Okoloko led a consortium of international and local investors to buy the defunct National Fertilizer Company of Nigeria (NAFCON) through a privatisation round led by the Bureau of Public Enterprises (BPE) between 2004 and 2005. NAFCON, which was originally built by KBR in the 1980s, was a flagship urea producer with over 100% efficiency until it was taken over by the Nigerian Government and subsequently shut down. Post-acquisition, Okoloko successfully completed the largest single loan syndication of Nigerian banks at the time, enabling Notore to raise US$222 million amongst 7 Nigerian financial institutions and completed a successful rehabilitation after it lay idle for more than 10 years.

Post-acquisition, Okoloko was instrumental in campaigning for reform in the Nigerian agricultural sector, lobbying the government to move away from a subsidy based system of fertiliser distribution to a comprehensive and sustainable methodology that encouraged self-sufficiency. His campaign was called “the African Green Revolution.”

Leveraging on his experience in sales and marketing, Okoloko guided Notore into offering different bag sizes of fertiliser to fit the different cash points of each farming group.

Notore quickly developed a marketing and distribution network under Okoloko that covered Nigeria and was cited by several multilateral agencies where Notore's marketing efforts were credited in increasing fertiliser use.

Foreseeing structural challenges with production capacity, to head off future supply shortages as the market grew, Okoloko led Notore to secure a joint venture agreement with Mitsubishi Corporation for the development of a Train II Plant with 1,000,000 tons of urea production capacity and 500,000 tons of methanol.
 
Between 2013 and 2014, Notore suffered from gas supply shortages that compromised its production when at the time it had a 20-year gas contract with the Nigerian Gas Company (NGC), which could no longer guarantee regular supply.
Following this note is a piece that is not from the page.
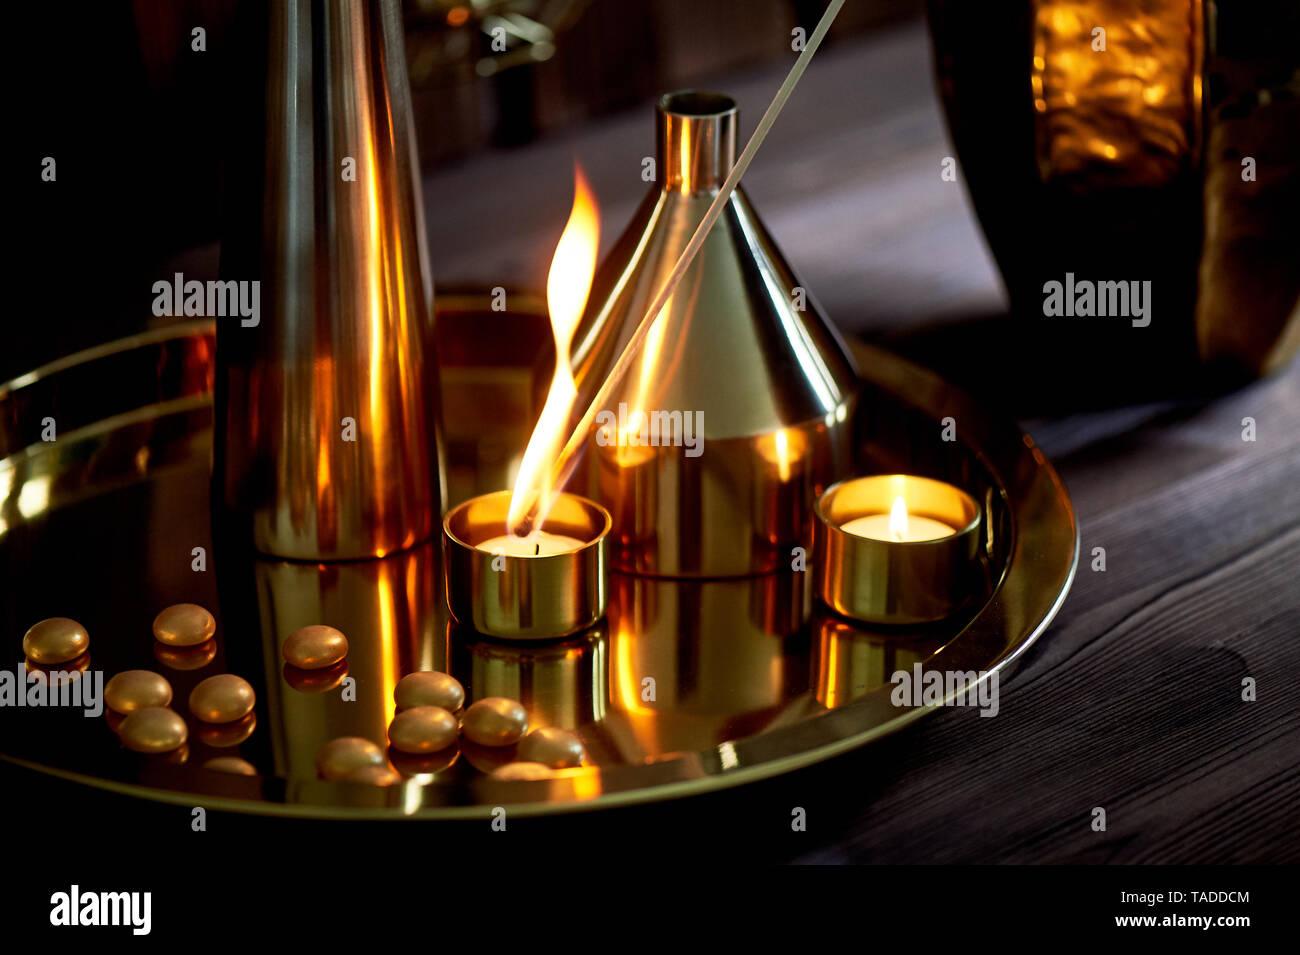 Hand leuchtet eine Kerze mit einer langen Match mit einer hellen Flamme. Die warmen goldenen Gamma. Abend Komfort. Viele Vasen in verschiedenen Formen von gold metall. Stockbild

In order to secure the long-term viability of Notore, Okoloko, leveraging on his upstream oil and gas experience via his investments in another entity, Midwestern Oil & Gas Limited, put together another consortium to acquire an oil mining lease from the Shell Petroleum Development Corporation (“SPDC”). A new entity was formed and called Eroton Exploration & Production. Covering an area of 1,035 square kilometres and just 14 kilometres from Notore, the new entity holds significant oil and gas reserves for Notore's current and future needs.

Midwestern Oil & Gas

Midwestern Oil & Gas Company Limited (“Midwestern”) commenced operation in 2003. Onajite Okoloko again led a consortium of investors in the company to participate in the marginal field licensing round during which they were awarded a 70% interest in the Umusadege oil field located in Oil Mining Lease (“OML”) 56, which is situated at the northern area of Delta State, Nigeria. Being a strong advocate for indigenous ownership and operatorship of hydrocarbon assets at a time when the space was dominated by International Oil Companies (“IoC’s),  Okoloko was instrumental in putting together a management team of local professionals that would successfully operate the asset, having initially secured technical assistance from Mart Resources (a Canadian listed Natural Resources entity) in the early years of Midwestern, pursuant to Okoloko’s team which took over and continue to manage the asset to date.

Under Okoloko the Midwestern management team achieved significant production; first oil was achieved in the Umusadege Field in 2008 at flow rates of around  of oil per day from re-entry of the Umusadege-1 well. This has been rapidly increased to approximately  of oil per day through additional development drilling efforts. A total of fifteen (15) wells have been drilled to date; the company has achieved success through its ability to peacefully coexist with the host communities. Okoloko eventually led Midwestern to acquire Mart Resources taking it private in 2016.
                                      
Midwestern achieved another commendable milestone in 2016 when the company celebrated nine Million Man-Hours LTI-Free operations. Midwestern has also received several awards and recognitions by notable international bodies for achievements in HSE; in 2013 the company won the prestigious Africa Oil and Gas Award for Health Safety and Environment (HSE). The company was cited for attaining six million man-hours loss time injury (LTI) free operation in its Umusadege marginal field. Midwestern is recognised as the largest and most successful venture in the history of the Nigerian National Petroleum Corporation (“NNPC”) marginal field divestment program. 
As Chairman, Okoloko has also overseen an aggressive CSR policy over the years which has contributed meaningfully to the social and economic development of its host communities and improved the quality of life of the people, their families and the society at large.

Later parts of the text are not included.